该系统应用是一个Java服务程序,同时它也是PostgreSQL的客户端。实际上这跟后端的DB类型无关,换别的数据库,同样的架构依然会有类似的问题。
问题不在于这个“乱序”本身,而是该应用严重依赖于sequence前后的大小顺序,它实际的要求是后来插入的sequence值不能小于前边插入的值。
分析与实作:
整个应用系统架构,大概就是Cloud Foundry下边的一个Java应用服务,但是它跑的是一个多实例,相当于多个相同的Java进程同时运行,提供服务。由前边的router -> HAProxy进行统一调度。
CF (Cloud Foundry)有一个重要的header: x-cf-app-instance。当你显式指定:x-cf-app-instance: {app_id}:index时,内置的gorouter 会自动将请求发到对应的Java进程上。index为进程的序号。
如:
1x-cf-app-instance: b7f26d3a-db87-xxxx-bc90-6a12f662d239:0
2x-cf-app-instance: b7f26d3a-db87-xxxx-bc90-6a12f662d239:1
3x-cf-app-instance: b7f26d3a-db87-xxxx-bc90-6a12f662d239:2
可是这些进程之间是无法知道对方状态的。也就是说如果前边的请求本身也是无状态的,那这种并发,就有可能发生时间上的乱序。尤其是在JPA控制下的情况。
该表相关字段如下:
1@Id
2@GeneratedValue(strategy = GenerationType.SEQUENCE, generator = "C_KEY_GEN")
3@Basic(optional = false)
4@Column(name = "CID", insertable = true, updatable = false, nullable = false)
5private long cId;
6
7"create-ml-key-gen-sequence">
8 "MARK_RAN">
9 <not>
10 "C_KEY_GEN" />
11 not>
12
13 "1000" sequenceName="C_KEY_GEN"
14 startValue="1" />
15
当然还有一个相关的字段:created timestamp用于记录时间。上边我们可以看到,它的序列值每次增量是1000.平时这样用的好处就是与DB端的交互少了很多,利用JPA的cache,只有满了1000个增量之后,它才再向DB去请求下一批值。

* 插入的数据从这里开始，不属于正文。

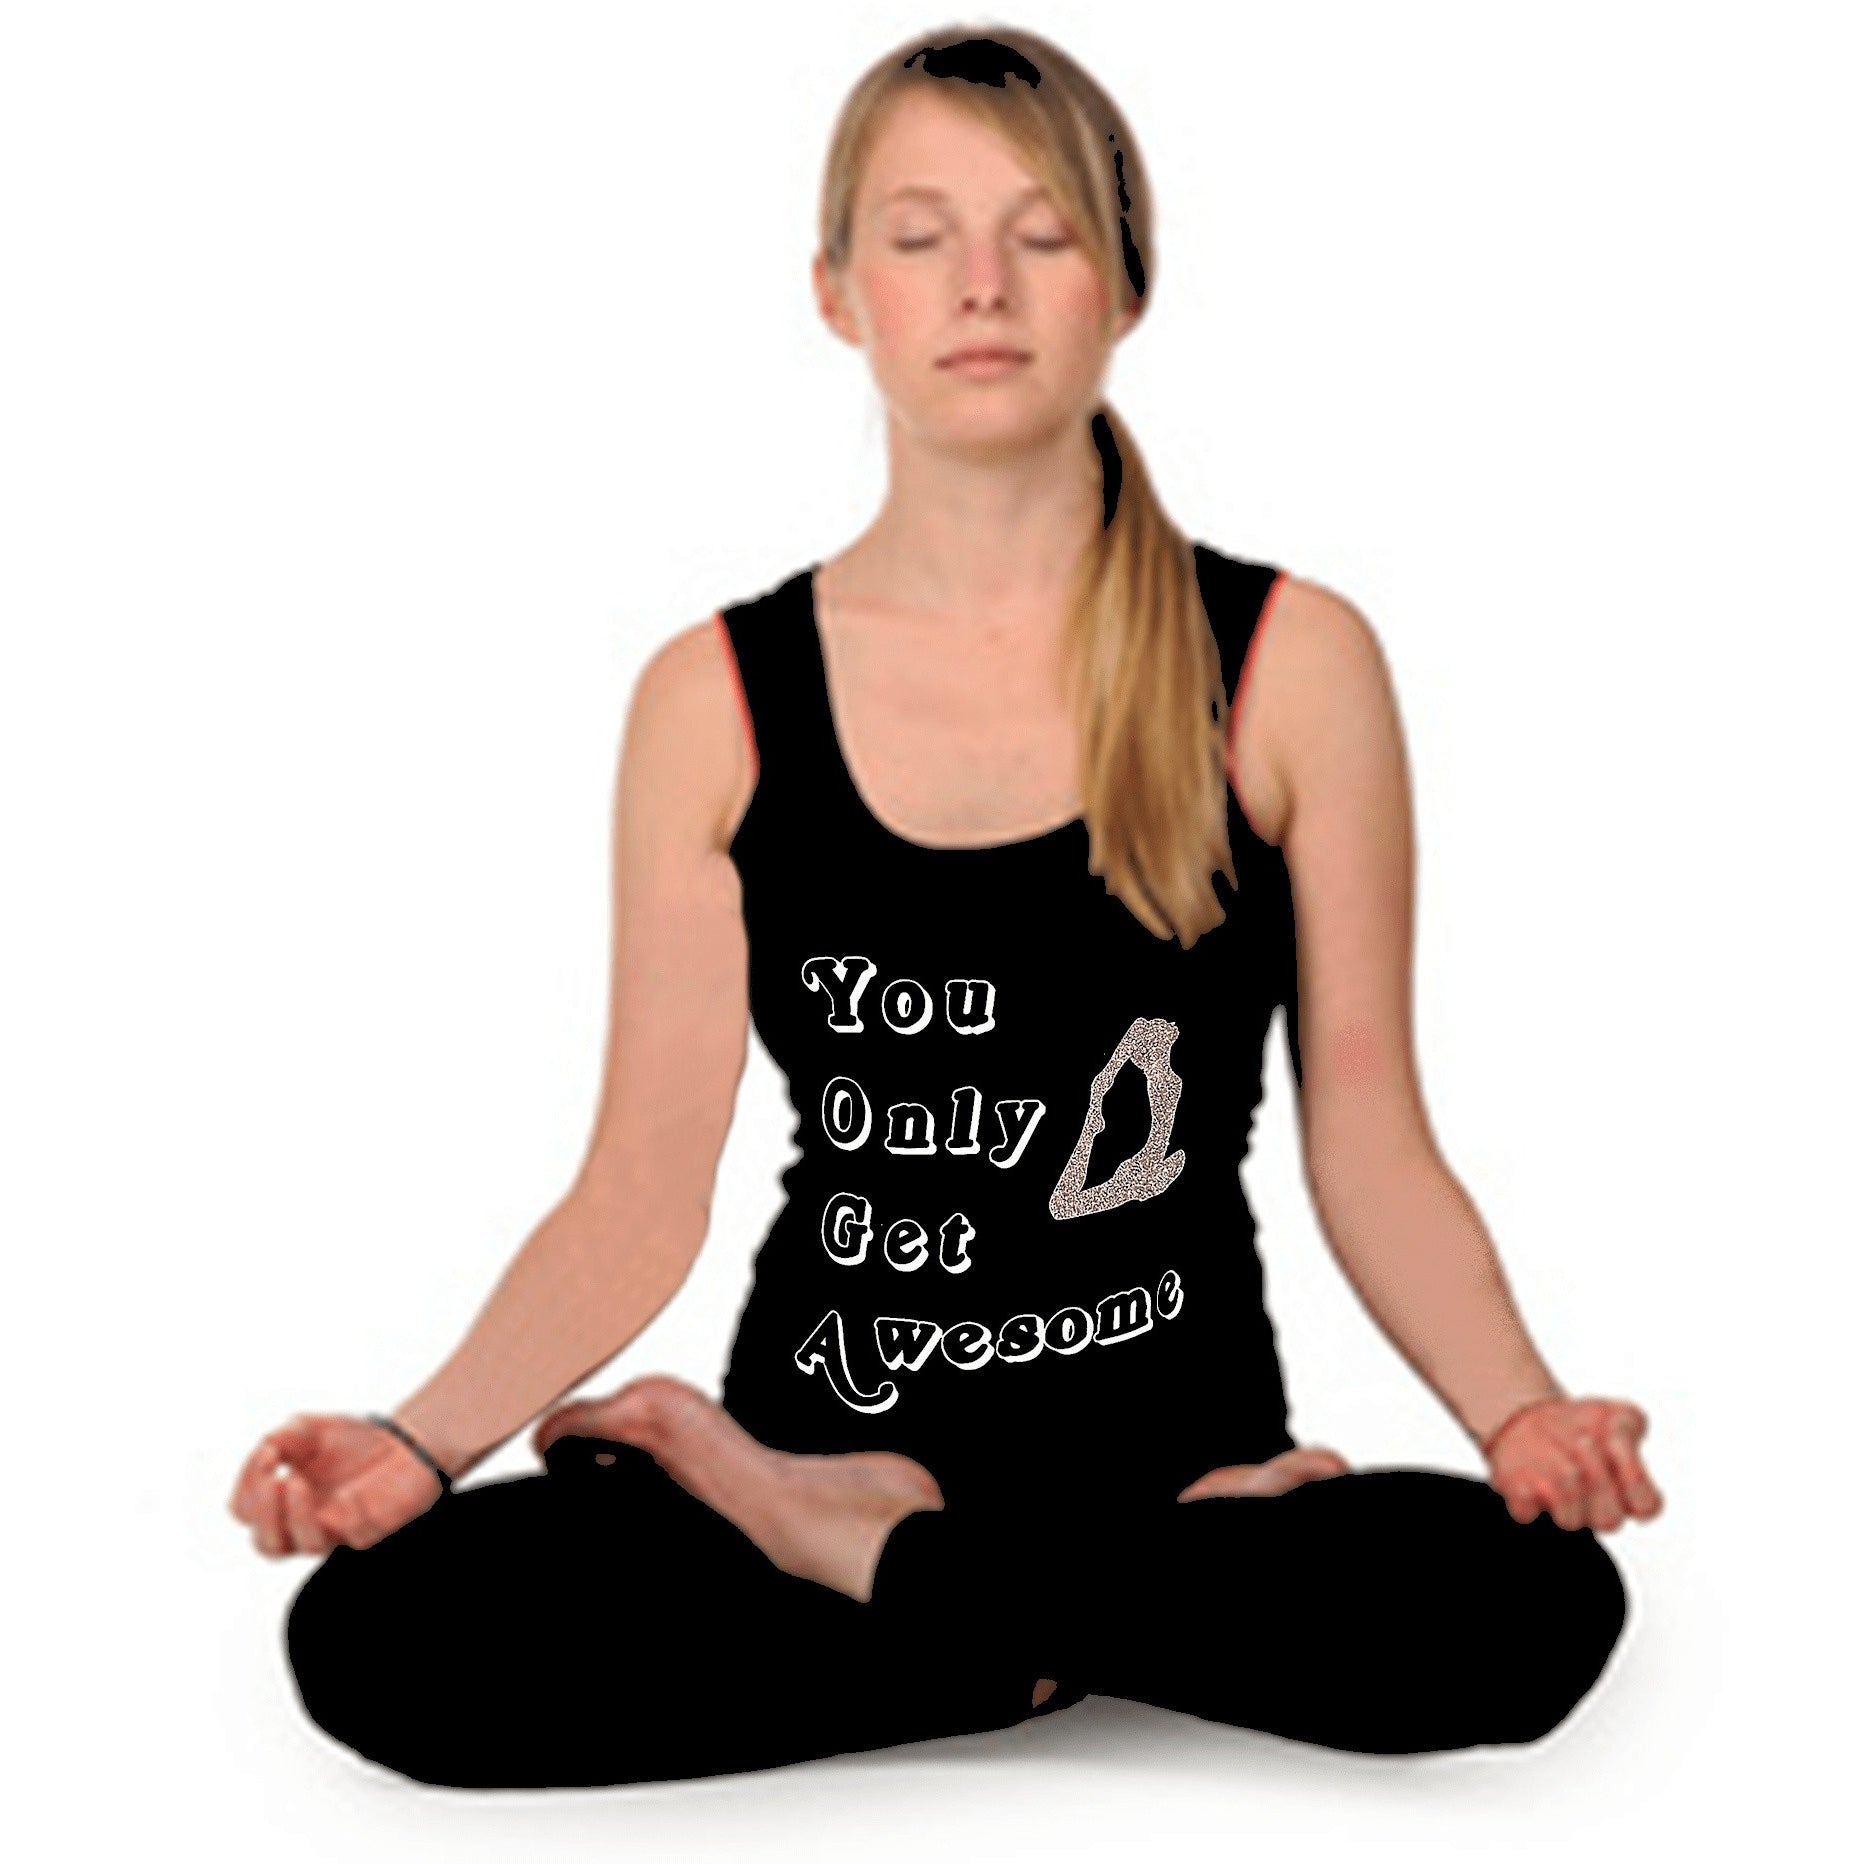 YOGA You Only Get Awesome Tank Top

而这也为多实例的并发请求导致乱序埋下祸根。
如果不是JPA的进程内缓存,我们看看:
1postgres=# create sequence t1_seq increment by 1000;
2CREATE SEQUENCE
3postgres=# create table t1(id bigint default nextval('t1_seq'), col2 timestamp);
4CREATE TABLE
5postgres=# create sequence t2_seq increment by 1;
6CREATE SEQUENCE
7postgres=# create table t2(id bigint default nextval('t2_seq'), col2 timestamp);
8CREATE TABLE
这里就打算用t1, t2做这个试验。多个客户端去压一压,看看id与col2的值是否出现乱序。
针对增量为1000的t1
构造一个seq.sql:
1insert into t1 (col2) values (now());
使用pgbench压下看看:
1pgbench -U postgres -c 4 -f seq.sql -T 60
2
3pgbench (14.8)
4starting vacuum...pgbench: error: ERROR: relation "pgbench_branches" does not exist
5pgbench: (ignoring this error and continuing anyway)
6pgbench: error: ERROR: relation "pgbench_tellers" does not exist
7pgbench: (ignoring this error and continuing anyway)
8pgbench: error: ERROR: relation "pgbench_history" does not exist
9pgbench: (ignoring this error and continuing anyway)
10end.
11transaction type: seq.sql
12scaling factor: 1
13query mode: simple
14number of clients: 4
15number of threads: 1
16duration: 60 s
17number of transactions actually processed: 305297
18latency average = 0.786 ms
19initial connection time = 8.831 ms
20tps = 5088.967969 (without initial connection time)
这一压不得了,很快就能看到效果,先插入的sequence值有可能比后插入的值要大。因为它是分批的。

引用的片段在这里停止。